The problem:
Leave out the pictures and output the data verbatim.
----- Given data
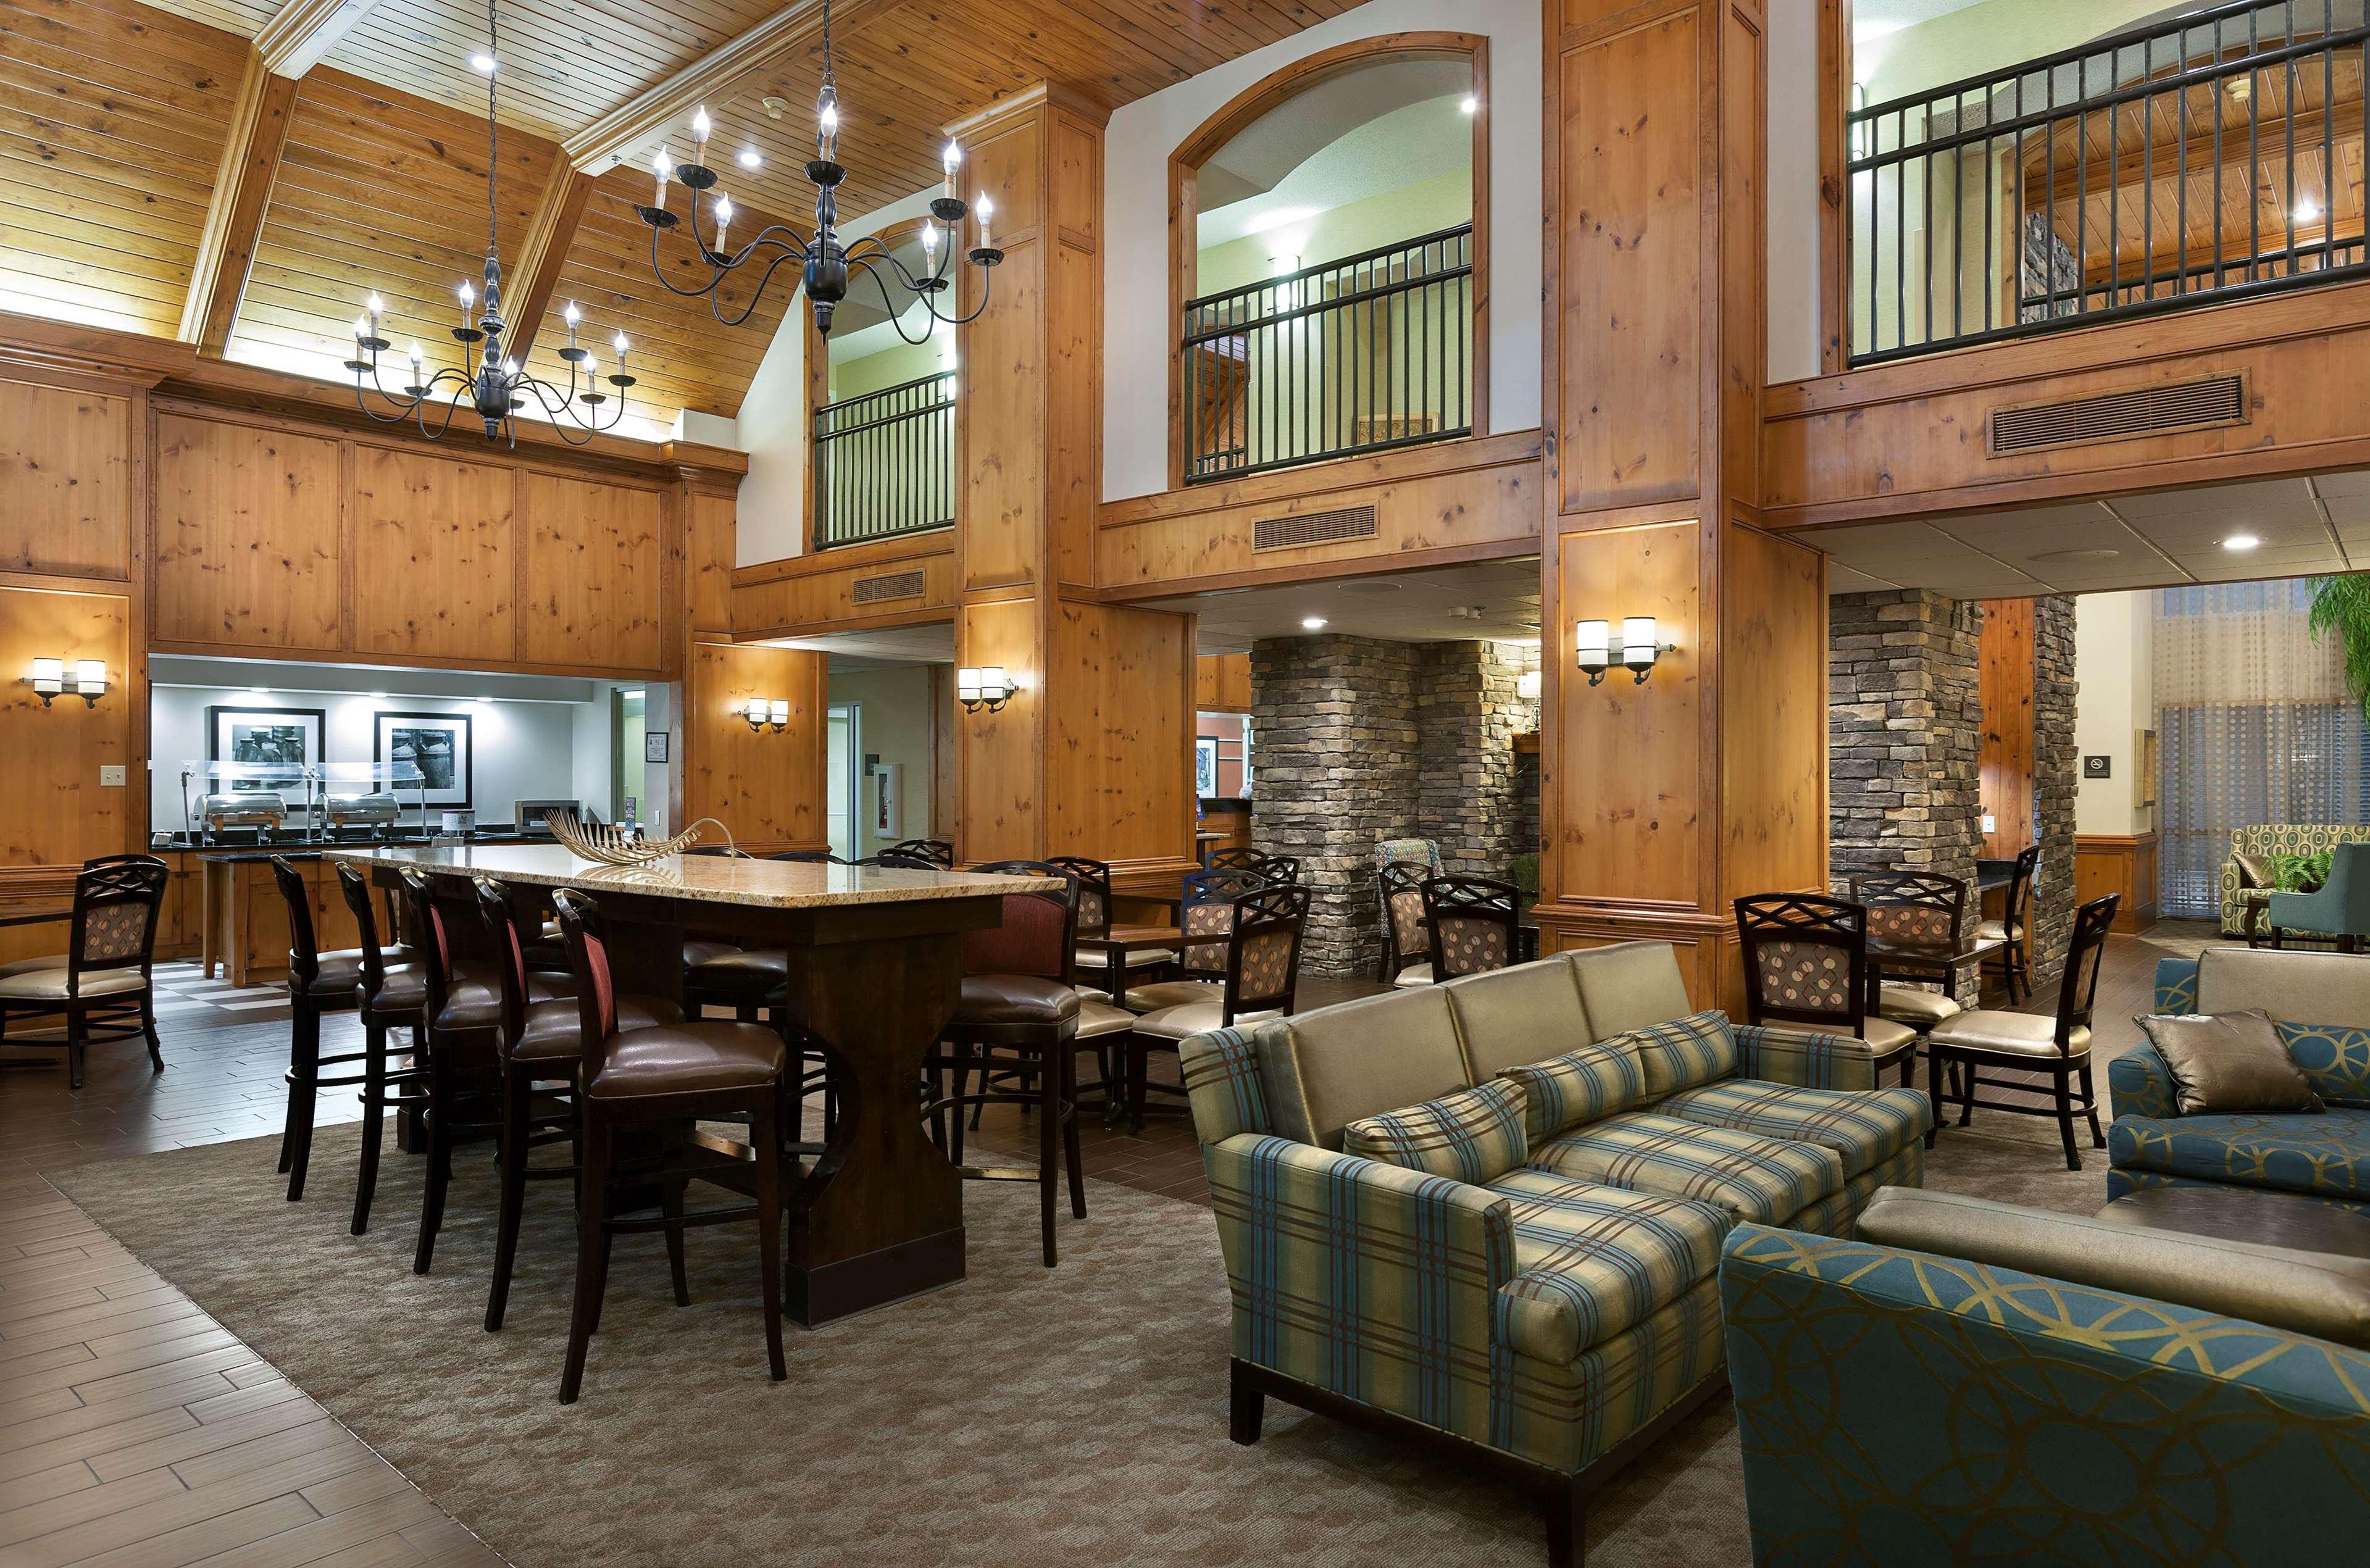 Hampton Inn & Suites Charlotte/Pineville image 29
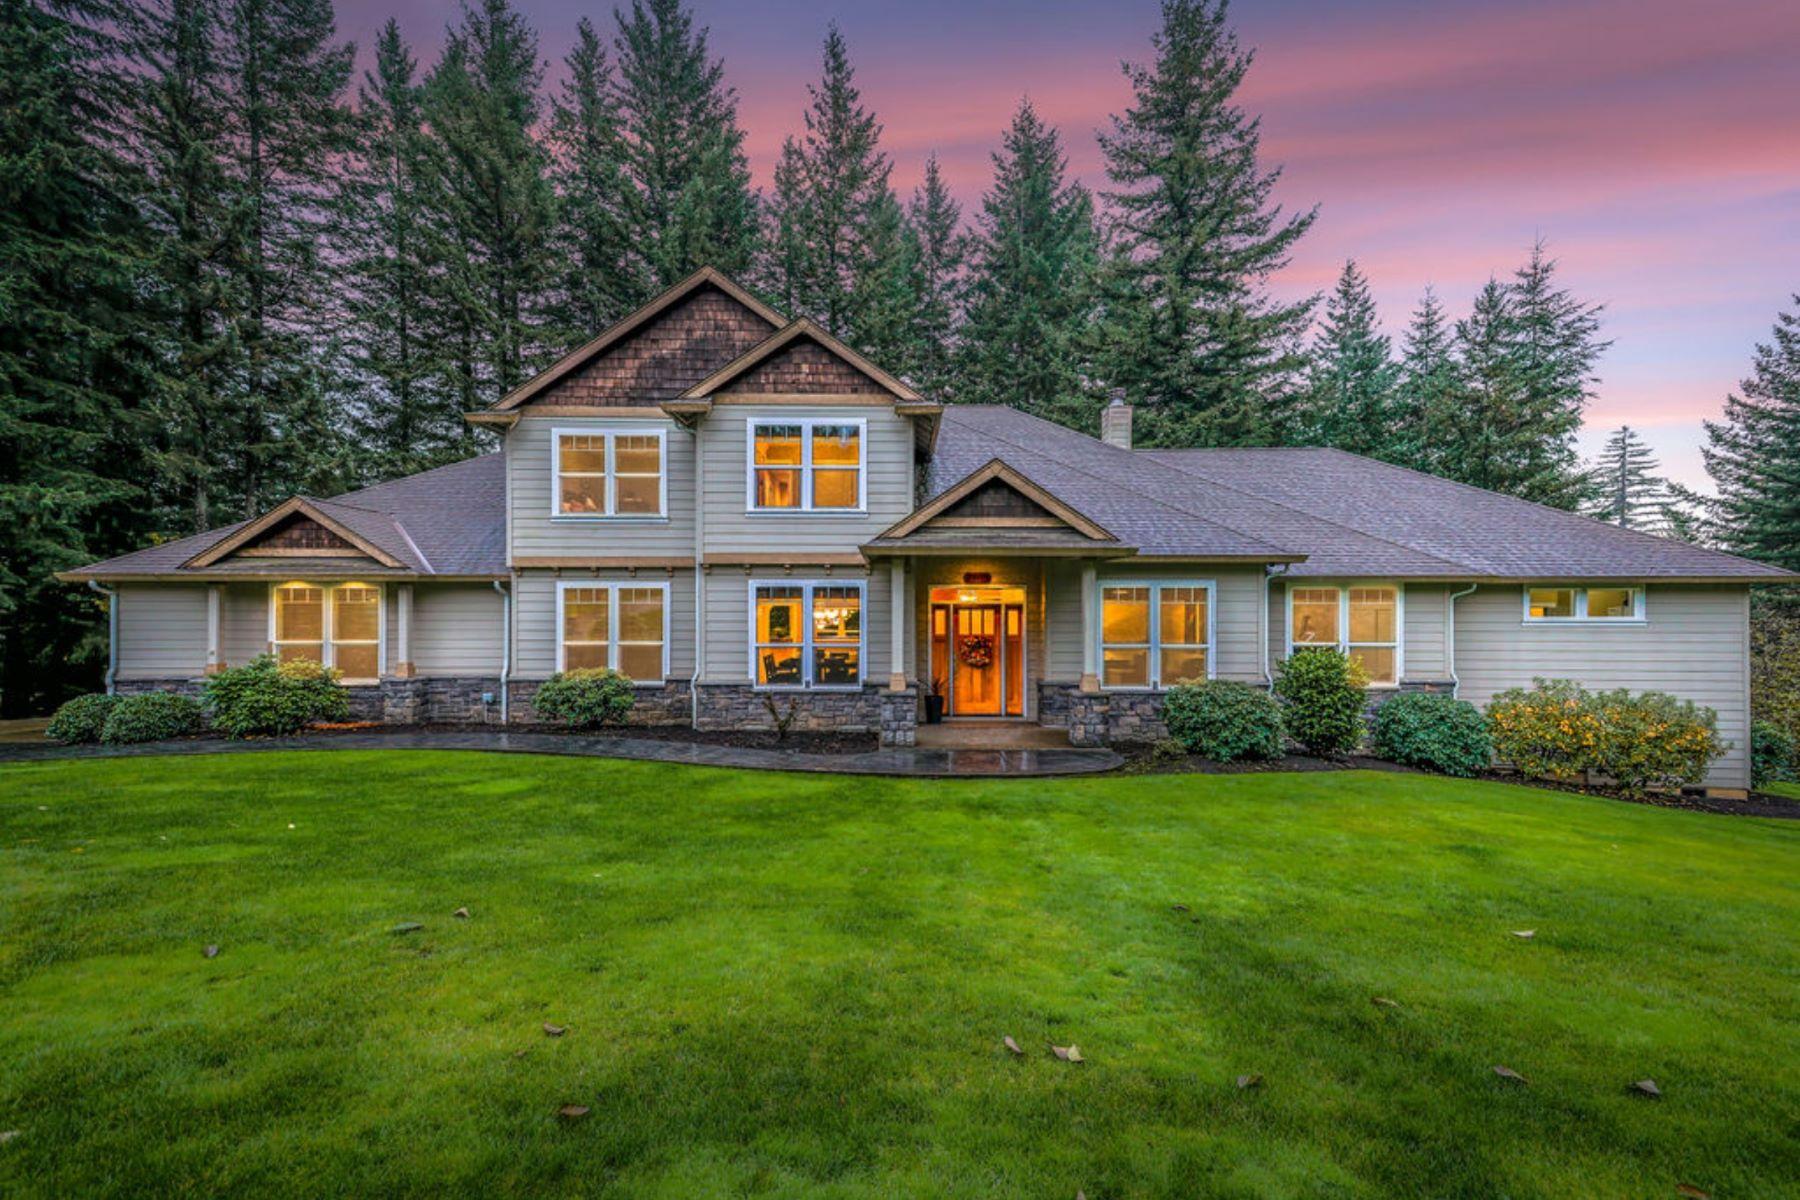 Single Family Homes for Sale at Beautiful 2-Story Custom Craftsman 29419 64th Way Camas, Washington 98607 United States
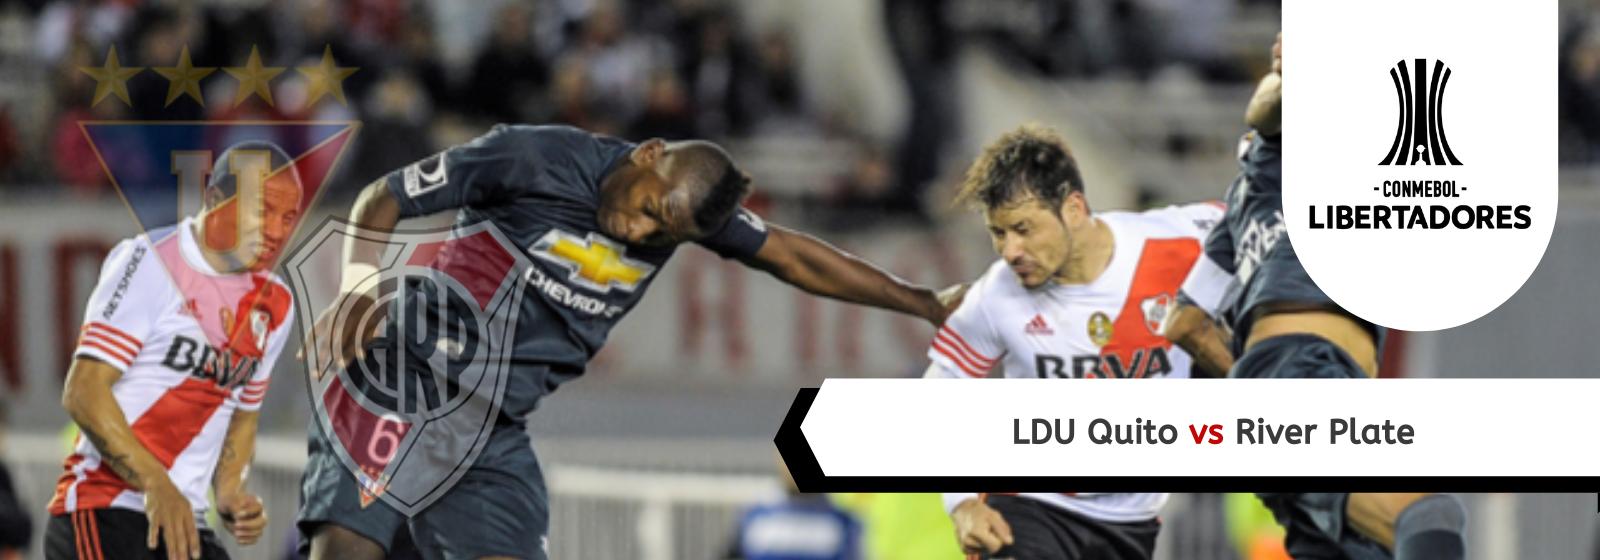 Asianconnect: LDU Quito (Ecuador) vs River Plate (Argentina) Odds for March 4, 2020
----------
Output for this exercise:
 Hampton Inn & Suites Charlotte/Pineville image 29
 Single Family Homes for Sale at Beautiful 2-Story Custom Craftsman 29419 64th Way Camas, Washington 98607 United States
 Asianconnect: LDU Quito (Ecuador) vs River Plate (Argentina) Odds for March 4, 2020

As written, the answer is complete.